But ready or not, this year the city’s fifth and eighth graders will do just that, as the state embarks on the next step in a multi-year phase-in of computer-based testing.

The annual exams measure student performance in reading, math, and science, testing the state’s third through eighth grade students. Though more than 16,000 kids took the exams on computers last year, next month that number will skyrocket to well over 140,000 students in the city.

English exams will take place between April 11-19, while the math tests will occur between May 7-17. Science tests, which are only taken by fifth and eighth grade students, will take place between May 15-17.

It’s the first major step in the three-year transition, with fourth and sixth grade students set to ditch paper tests next school year, followed by third and seventh graders by spring 2026. State officials have said computer-based testing can make the assessments more efficient and flexible, as well as opening a pathway to computer-adaptive testing that adapts questions based on student responses.

Over the course of the school year, the city has stressed the importance of ensuring students have access to devices — making them available to schools upon request and expediting repairs to non-working devices, according to the city’s Education Department. Officials said they have also taken proactive measures to bolster connectivity at schools administering computer-based exams.

Across the city, an additional 185 schools have opted into digital English exams for some portion of their third, fourth, sixth, or seventh graders, while 166 schools have done so for math.

Students with disabilities that impact their ability to use a keyboard may also receive assistive technology or other accommodations, city officials said.

But still, the prospect of digital exams has spurred concerns among some educators, who fear students could see drops in performance, especially among those who lack access to technology at home, potentially widening gaps between students.

And in the wake of a citywide tech meltdown last month, some remain skeptical that digital exams will run smoothly.

“I’ll be completely transparent,” said Kiri Soares, principal of the Urban Assembly Institute of Math and Science for Young Women in Brooklyn. “I don’t feel prepared at all.”

Computer-based tests open new opportunities

To Howard Everson, a member of a technical committee advising the state on the transition, the shift to computer-based testing is an opportunity for New York to catch up with other states.

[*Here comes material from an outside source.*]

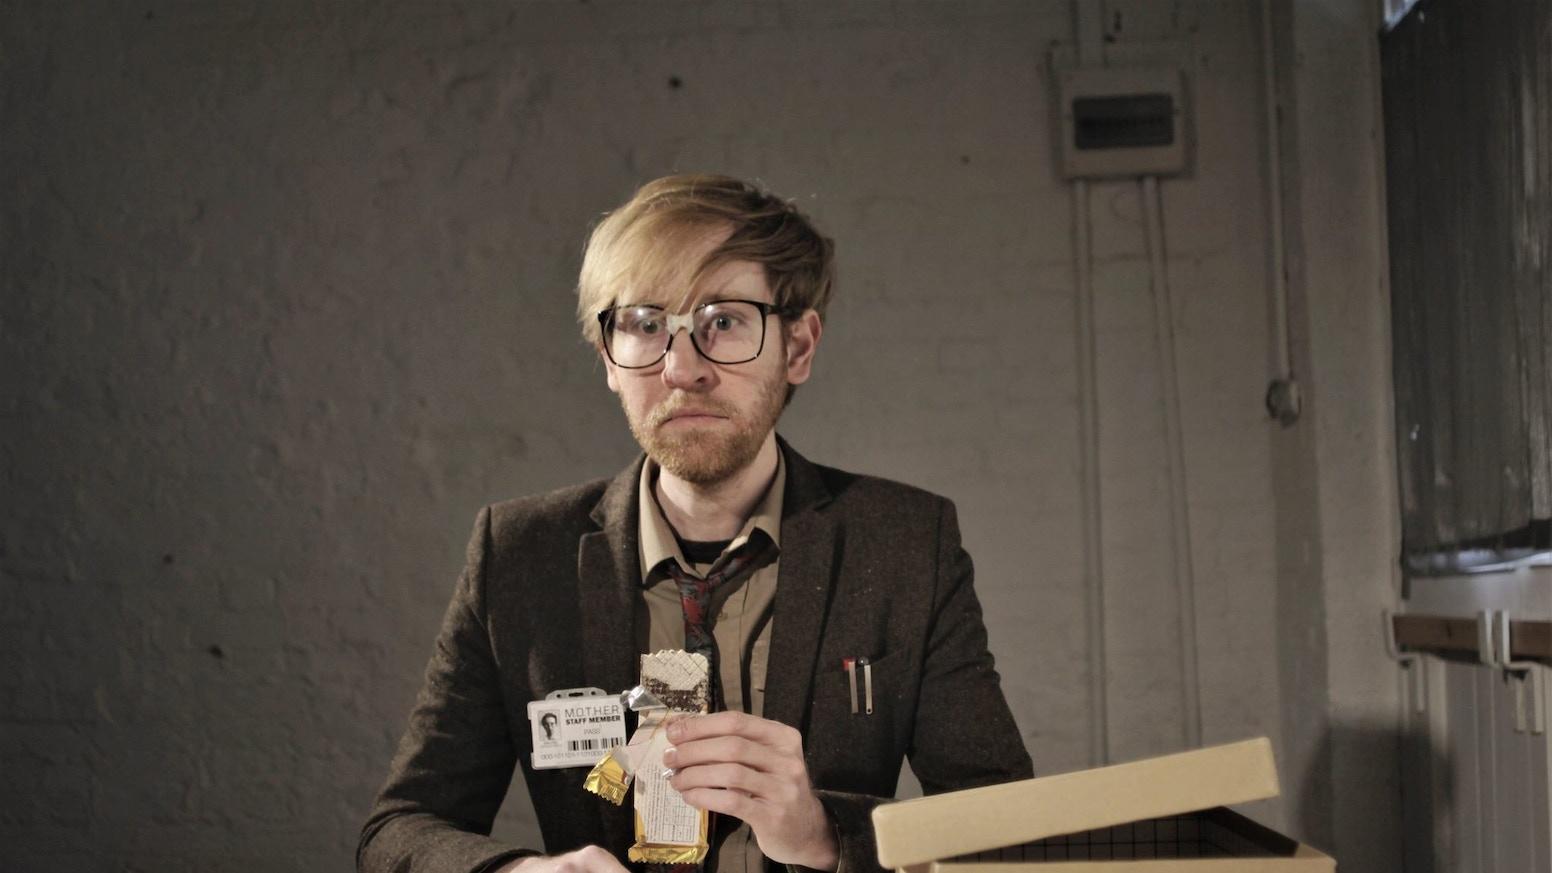 M O T H E R Knows Best - Series 2 by Chris Mayo — Kickstarter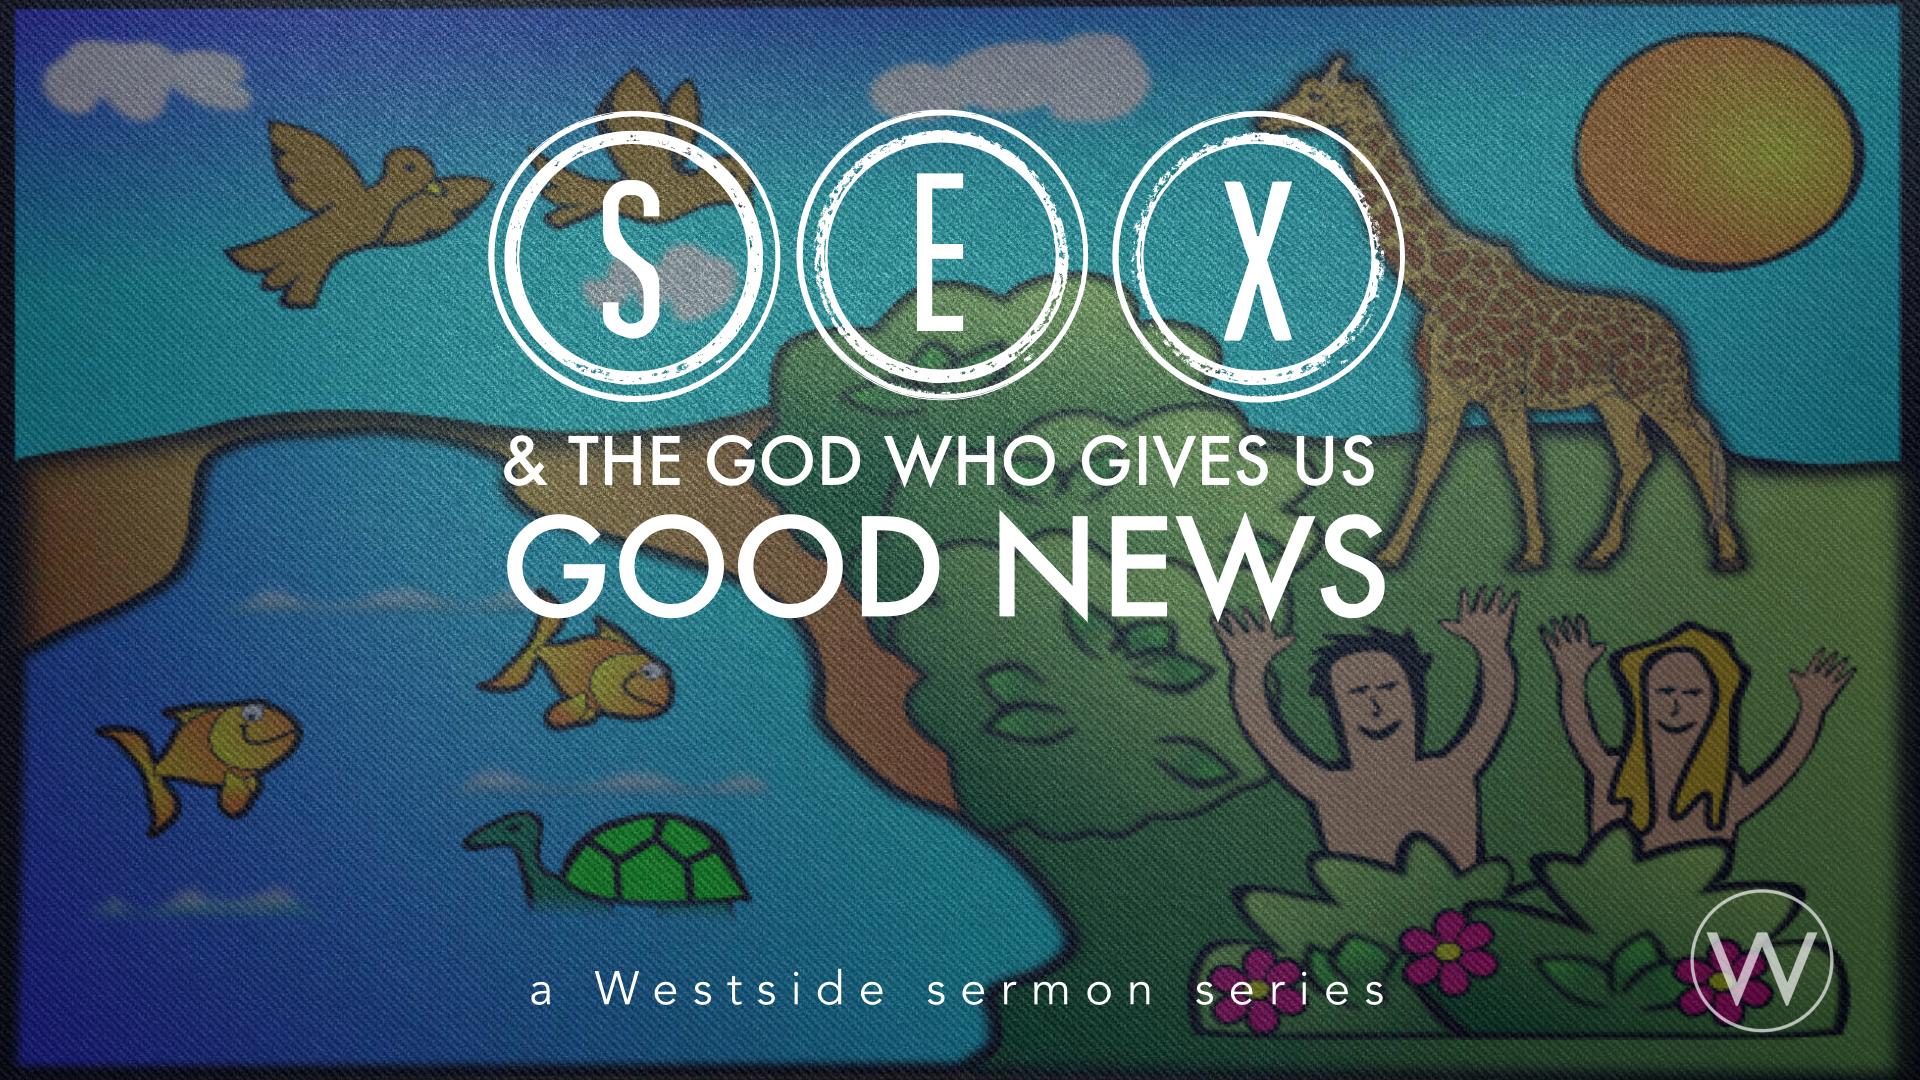 Sex & the God Who Gives Good News

At least 48 states have successfully implemented some form of computer-based testing for state exams, according to a 2022 state memo.

“The vast majority of kids are using some sort of online device in their classrooms,” said Everson, a professor of educational psychology and psychometrics at the CUNY Graduate Center. “We think that it’s going to be a benefit in the long run. … The things you can do on a two-dimensional piece of paper and what you can do in a multi-dimensional computer are worlds apart.”

Computers allow for more innovative testing models, with questions that, for example, ask students to move information around a screen or interact with graphics, he explained.

“Multiple-choice, fill-in-the-bubble tasks are an artifact of the past,” he said. “How we measure these underlying abilities in reading and in math is going to be much more imaginative.”

Computer-based testing can also lessen the burden on schools, allowing for more efficient grading and quicker results, Everson said. Though he doesn’t expect to see any notable performance drops as a result of computer-based testing, results of the exams will be closely monitored. For Everson, concerns are more centered around potential technical difficulties.

“Those have been the most ongoing sorts of problems that we’ve seen in other states over the years,” he said. “But from what I understand from my colleagues in the city system, they’re ready for it.”

Educators worried about digital literacy skills

For eighth graders at the Institute of Math and Science, Soares worries the shift to computer-based testing this year will cause performance to drop across the board.

“It’s testing them not on the knowledge per se, but on their digital literacy under very stressful situations,” she said. “When you start testing kids’ digital literacy, you really start wading into the inequities of our culture.”

Martina Meijer, a fourth grade teacher in Brooklyn, worries that students across the city have not received sufficient instruction in using technology.

Her school has opted into computer-based testing for grades three and four. Though every student has a device issued by the school, just 14 out of 22 students have laptops, while others have been using tablets for digital activities, according to Meijer. By the time state exams arrive, those students will switch over to laptops, but their skills may be limited.

In particular, Meijer fears students will struggle on open-ended response questions, which at times ask students to write essays.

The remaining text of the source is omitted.